There is the PWM output, but reading through this forum, the resulting precision of the PWM is problematic. I might have a go at attaching another AS5048A to the shaft and reading it with a second Arduino.

I am curious about the LPF. Applying a low pass filter to the velocity is a sensible tactic, but set too high, has the risk of filtering out real fluctuation in movement and introduces delay in the control loop.
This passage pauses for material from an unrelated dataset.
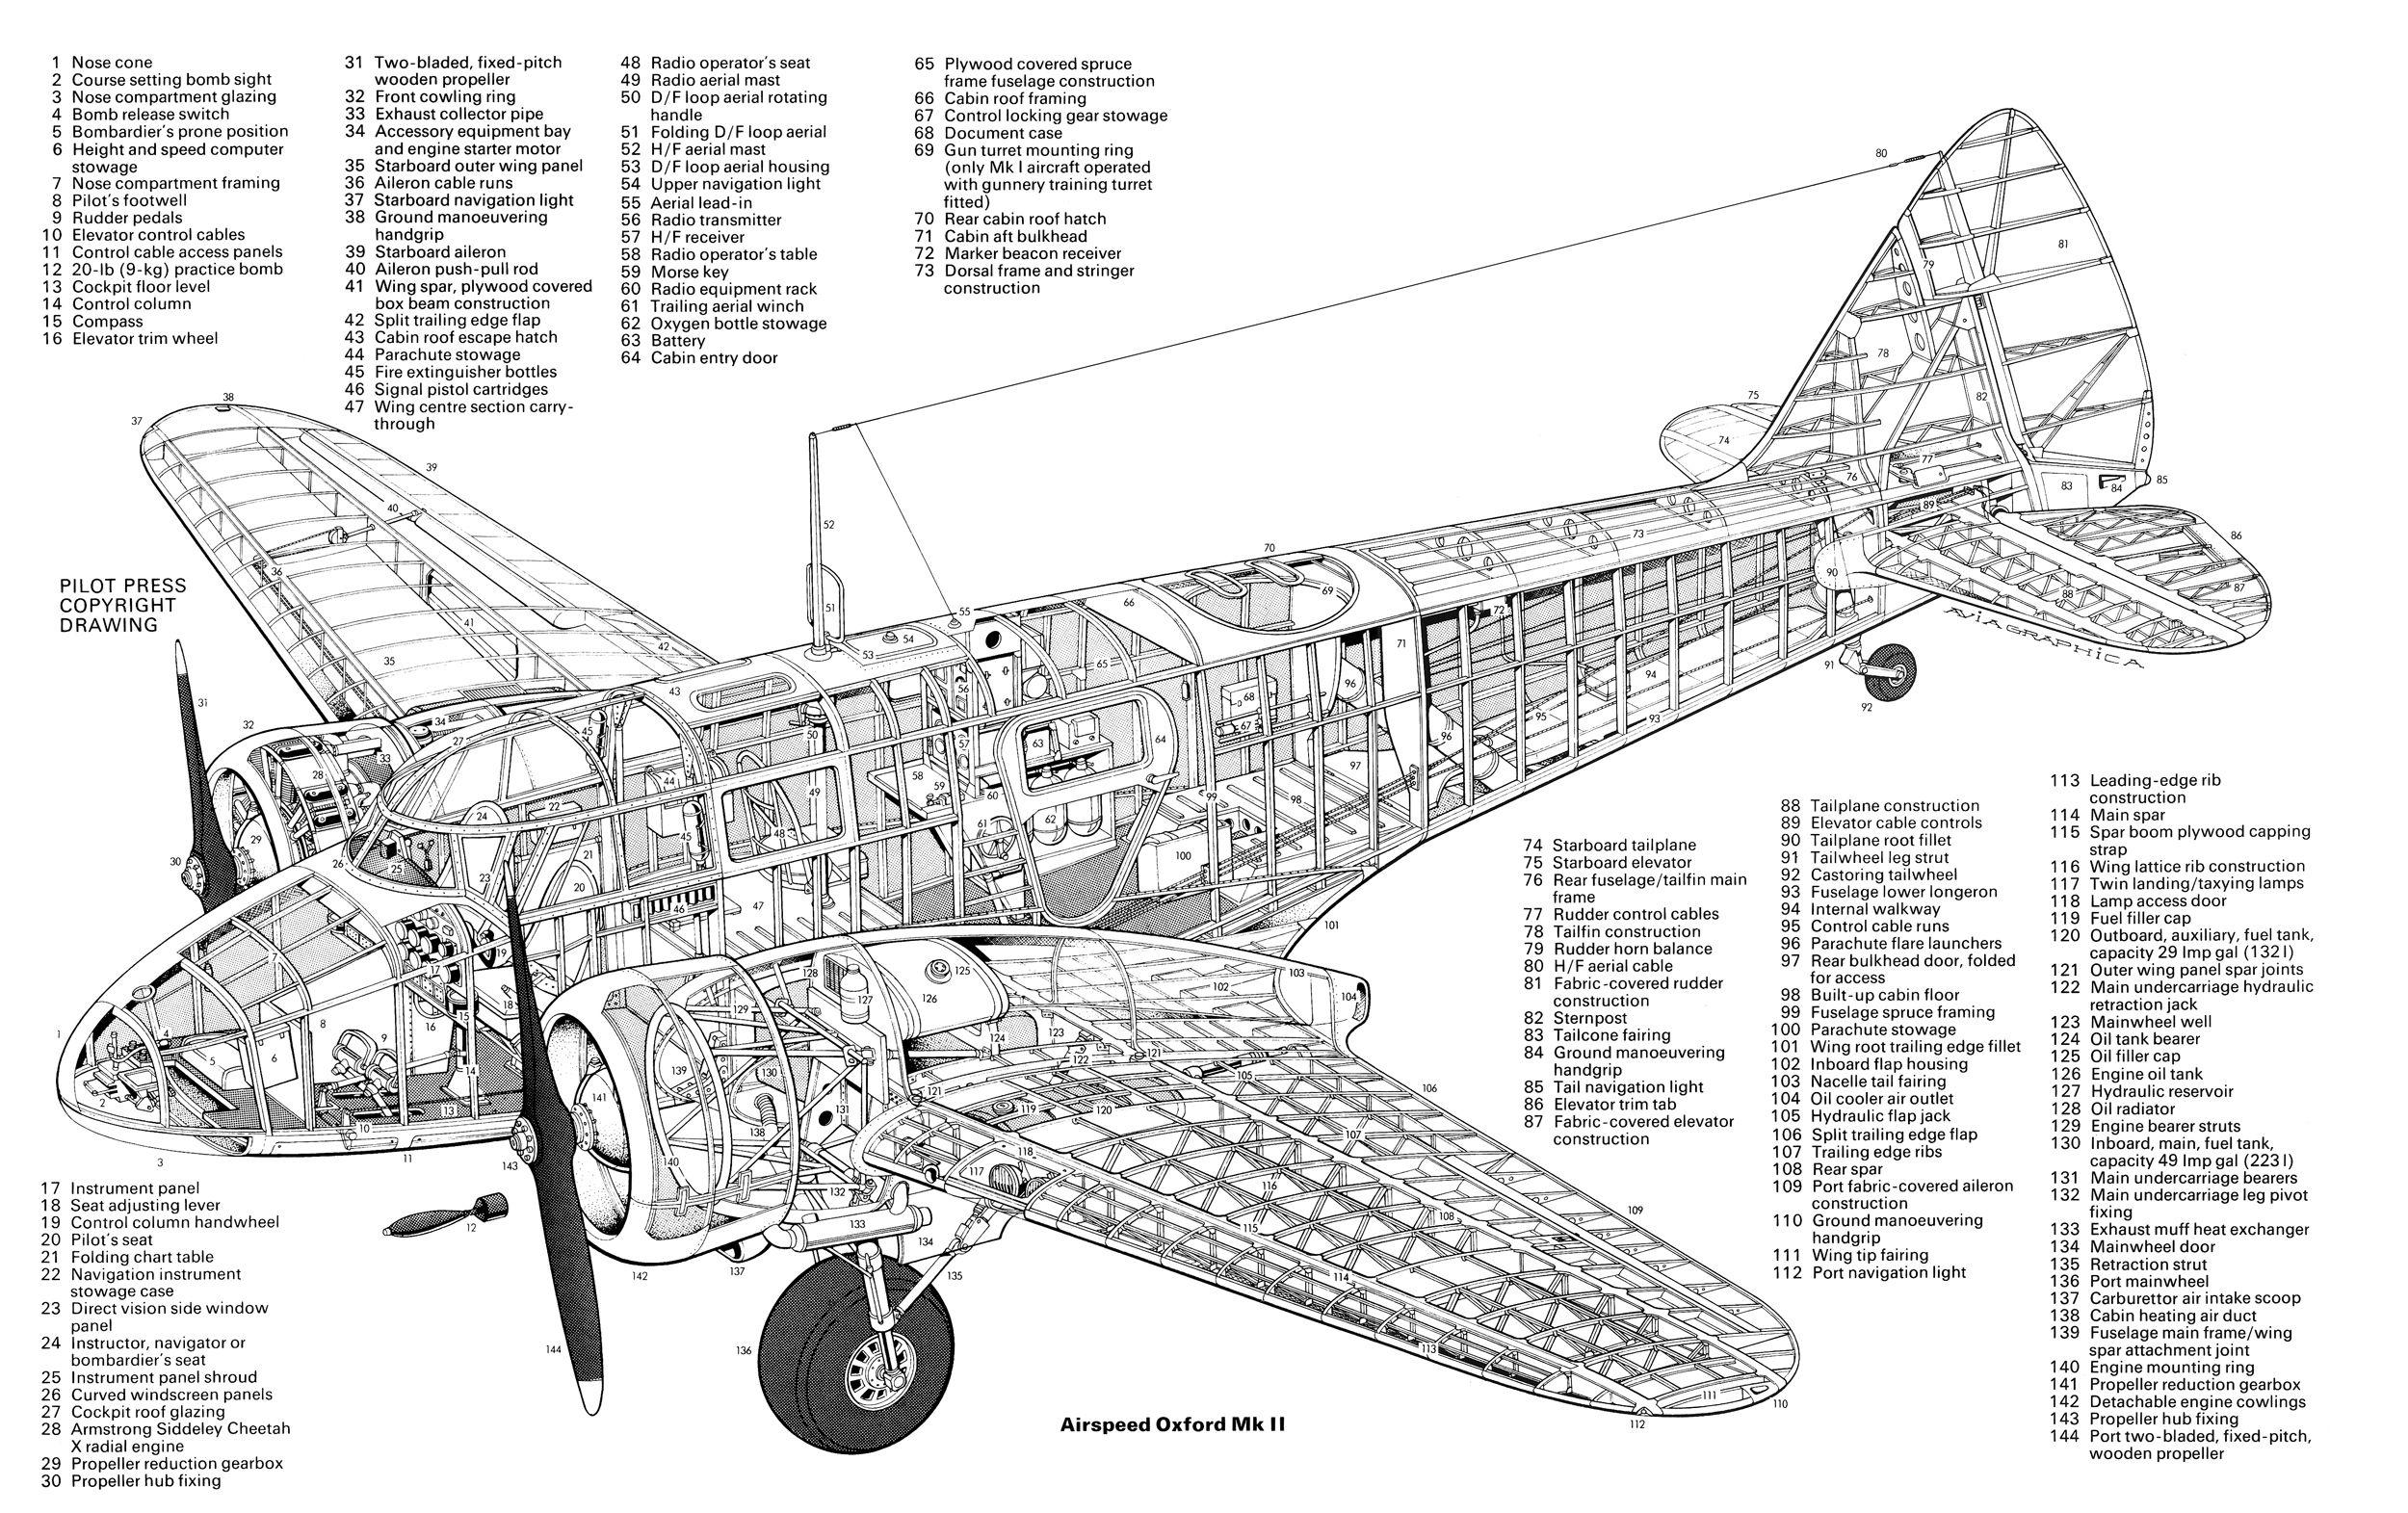 Airspeed Oxford Mk
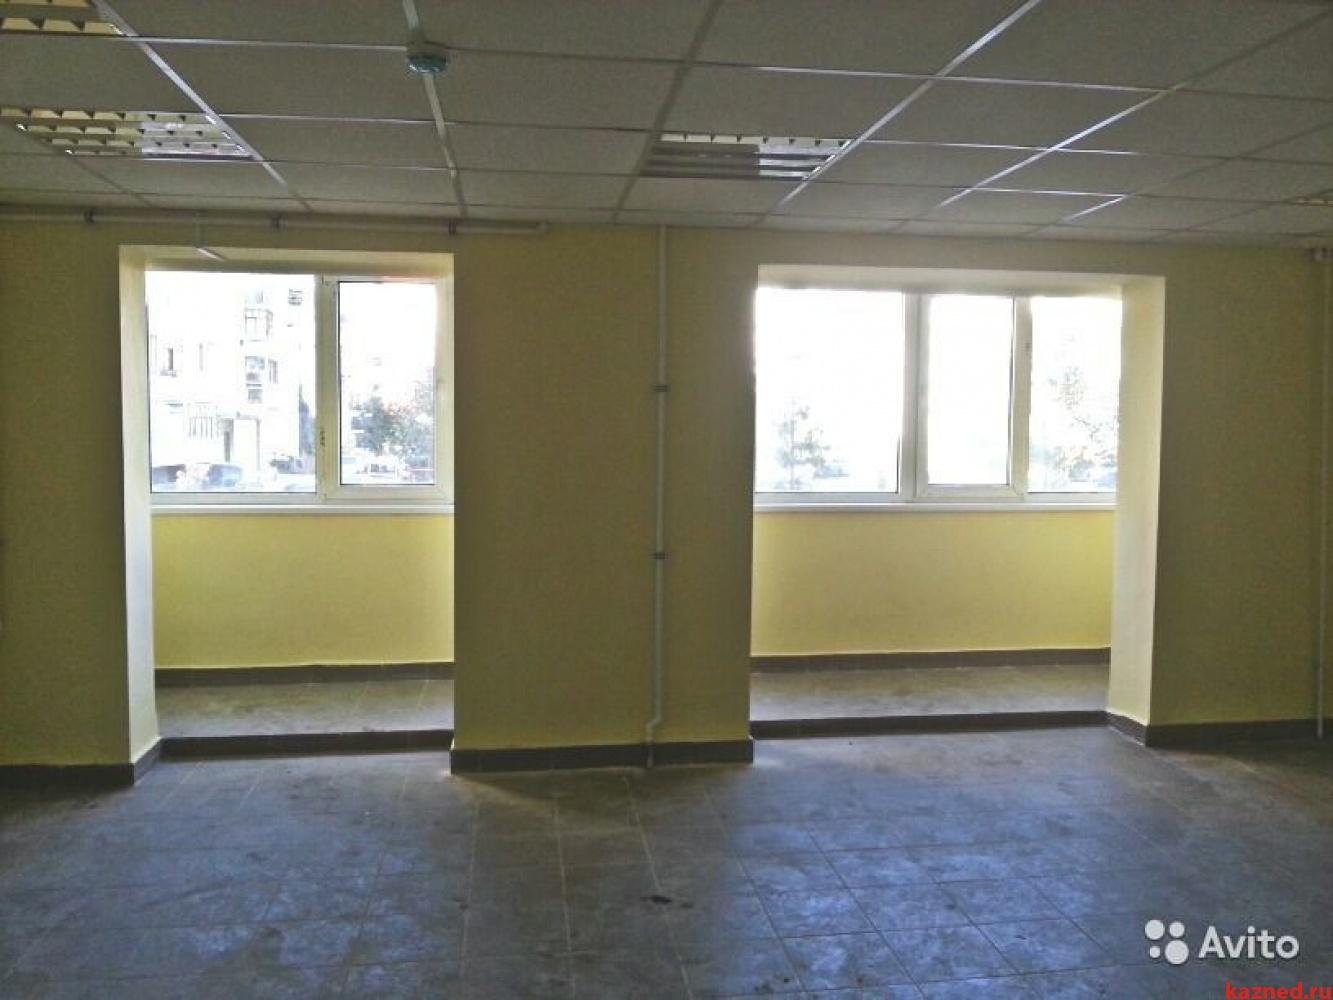 Продажа  помещения свободного назначения Академика Сахарова, 10, 74 м2  (миниатюра №5)

Two questions:-

  1. Is there a risk of noise being introduced into the velocity calculation by the detla T being very small ? Ie a very fast control loop
  2. Does the stability of the FOC control loop benefit from the LPF removing the real cogging velocity fluctuations ?

Please let me know any results you find, or if you have any further questions

Will do.



From my point of view, the smaller the delta-T, the higher the error will be proportionally because we can assume the clock/clock sampling errors to be more or less constant, and not depending on the sample interval.
So from my point of view yes. For this reason we also have a min_elapsed_time setting in the sensor, which you can set to prevent causing errors by oversampling the velocity. The effect is that you will receive the same velocity as for the last call to getVelocity(). So this effectively sets a maximal sample rate for the sensor.

I would say yes. But the effect on the control is exactly as you say - setting high LPF values smooths the velocity but makes the system unresponsive to real changes. The phase margin is then too high, and the system is quite unstable until it manages to settle. Depending on the setup it might shake itself apart before that happens :scream:.
So fixing cogging the face of a requirement for responsive control definately requires a different approach than the LPF. If the control doesn’t need to be responsive (such as for a record player maybe, which is supposed to just rotate at a set speed) the LPF can be a good solution, and you can perhaps mitigate the control problems by only changing the set-point gradually.

And I’ll also make the remark that possibly a mechanical solution (e.g. the belt and weight of the turntable in the record player example) may be easier than spending days optimising the control.